While much has changed in the marketing landscape, the need for trust, authenticity, and transparency when curating your brand has not. That’s the message panelists Emma Carrasco, CMO and senior VP of audience development, NPR, and Lauren Crampsie, Worldwide CMO, Ogilvy & Mather, emphasized during their discussion at the Direct Marketing News 2016 Marketing Hall of Femme Leadership Summit & Awards in New York.
The session, “What it Takes to Become CMO Today,” delved into the skills and strengths necessary to succeed in the modern marketing environment. “Trust is earned day by day and action by action,” Marketing Hall of Femme honoree Carrasco stressed. “Be authentic to yourself, really understanding and valuing your own set of skills and experiences.”
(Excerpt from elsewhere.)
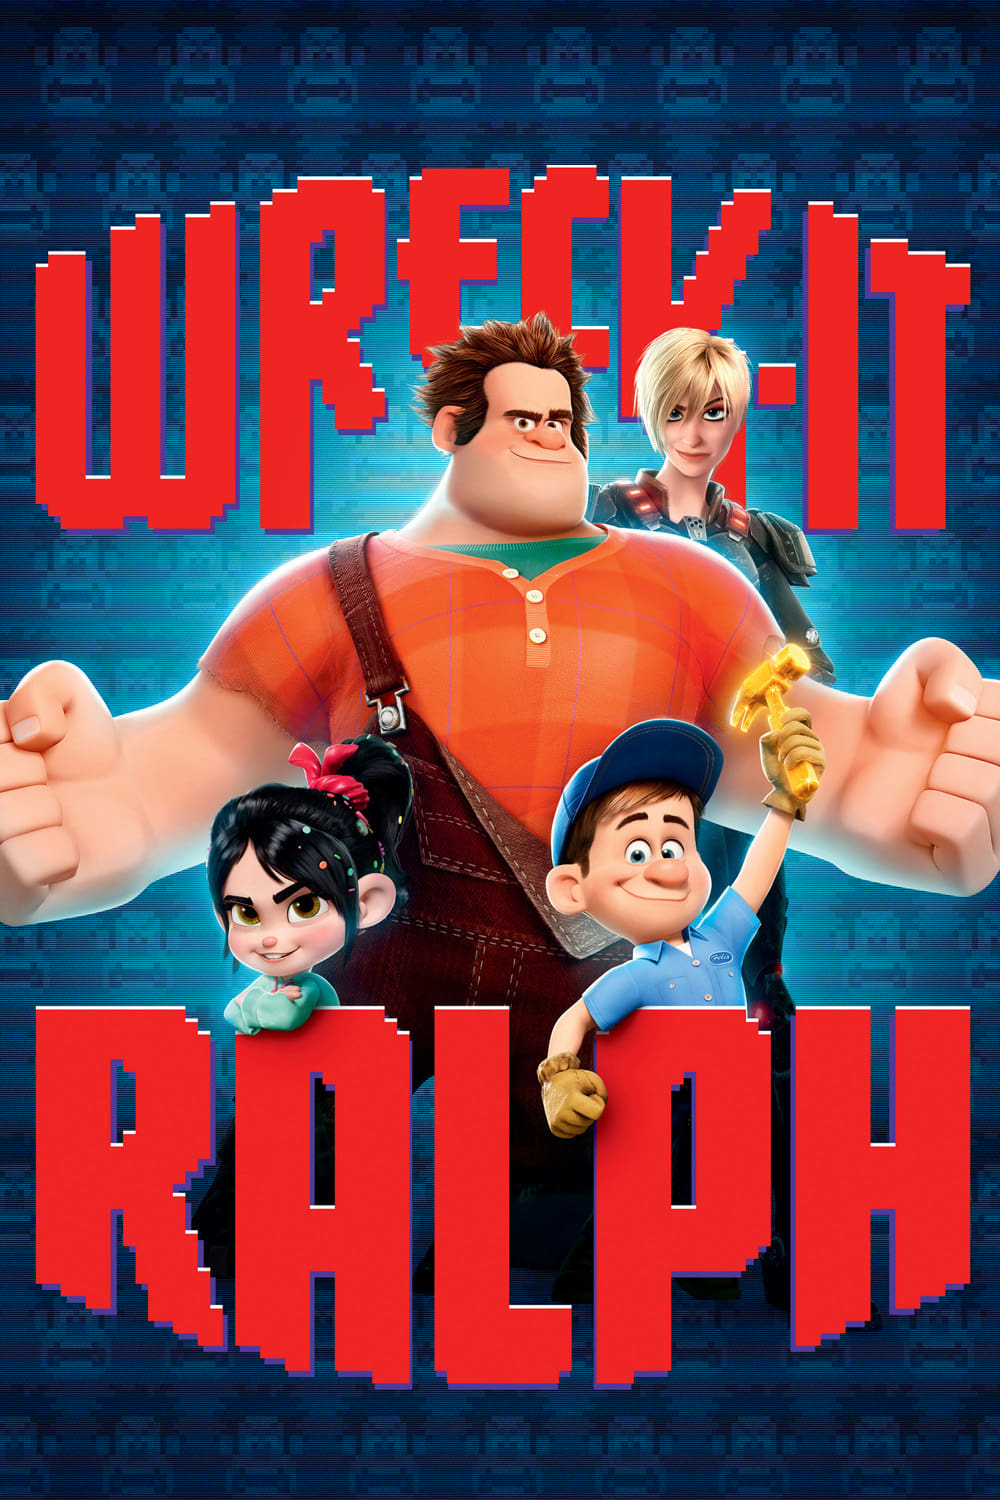 Wreck-It Ralph movie poster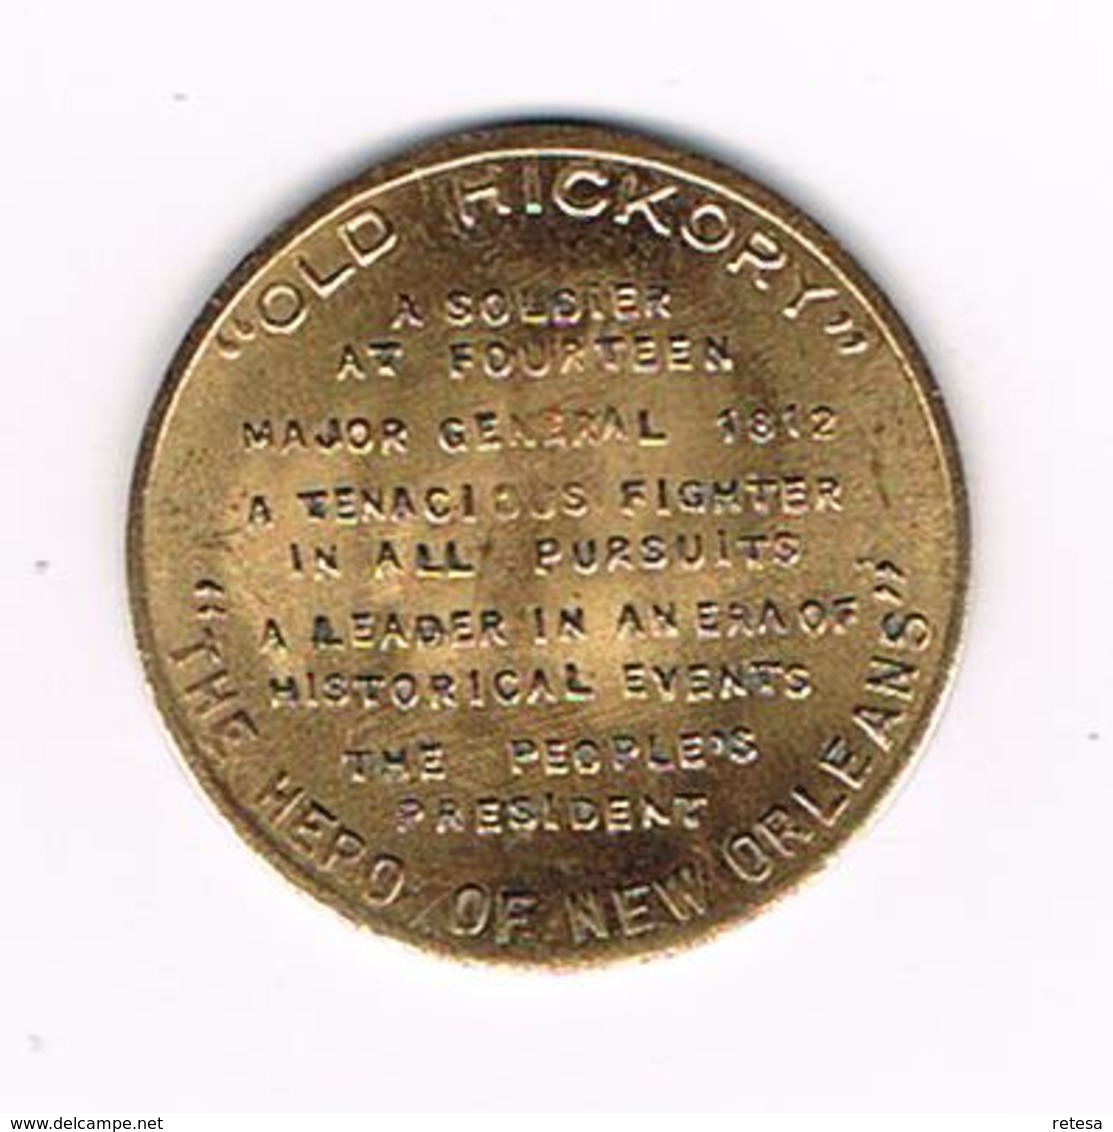 &- PENNING  ANDREW  JACKSON  7 TH  PRESIDENT  U.S.A. - Monedas Elongadas (elongated Coins)

Understanding digital analytics are a given, but additional key attributes that remain constant, according to Carrasco, include innate curiosity, the ability “to really, really listen,” and the understanding that while you may all the necessary skills, you don’t necessarily have all the answers. To that, Crampsie, a fellow Marketing Hall of Femme inductee, added the ability to “focus,” emphasizing that it’s easy to be distracted by the constant parade of shiny new objects. “There’s always a lot of noise,” she said, “so if you don’t have that laser focus and discipline on the one or two things you want to drive, you’ll end up doing too much.”
With the need to prove ROI a constant, Crampsie noted that she serves two masters: the agency and clients. “Even though I am a CMO of an agency, I still have to make sure the agency is delivering ROI for the client.” To that end, Crampsie, who started out in business development at Ogilvy, still counsels clients on how to get the most out the agency. “It’s all about driving business for the agency, and for our clients,” she said.
While some marketers may dread the ROI mandate, for Carrasco it provided a welcome metric. “I love ROI, because it has allowed me to progress throughout my career; [allowing me] to define a set of measurable results and deliver on them as a baseline and exceed them.”
Addressing the hot-button issue of how to help ensure women are promoted to the C-suite, Crampsie stressed that it’s up to the women within an organization to do the heavy lifting. “Four of us went to the [2016] Maker’s Conference, and when we got back, we came up with a plan,” she recalled. “We took a hard look at the data of our company, looking at the percentage of women in the C-suite,” she said. “We took that data to our new CEO, telling him we want all of these numbers to be 30% by next year—at major conferences, senior leadership meetings, we want 30% women—even if there aren’t 30% women in the C-suite. We got him to agree.
“CEOs react to data,” she added.
The plan includes going public with the numbers in 2017.
NPR, on the other hand, is an organization founded by women. “These women are bad-ass,” Carrasco asserted. “Our organization is 40% women; in the C-suite, the COO, CMO, and CFO are all women. We have a seat at the table.”
The challenge, though, is ensuring the protocol continues. “Our succession plan is the linchpin to ensuring that NPR as an organization looks and sounds like America,” Carrasco added. “That process is our challenge.”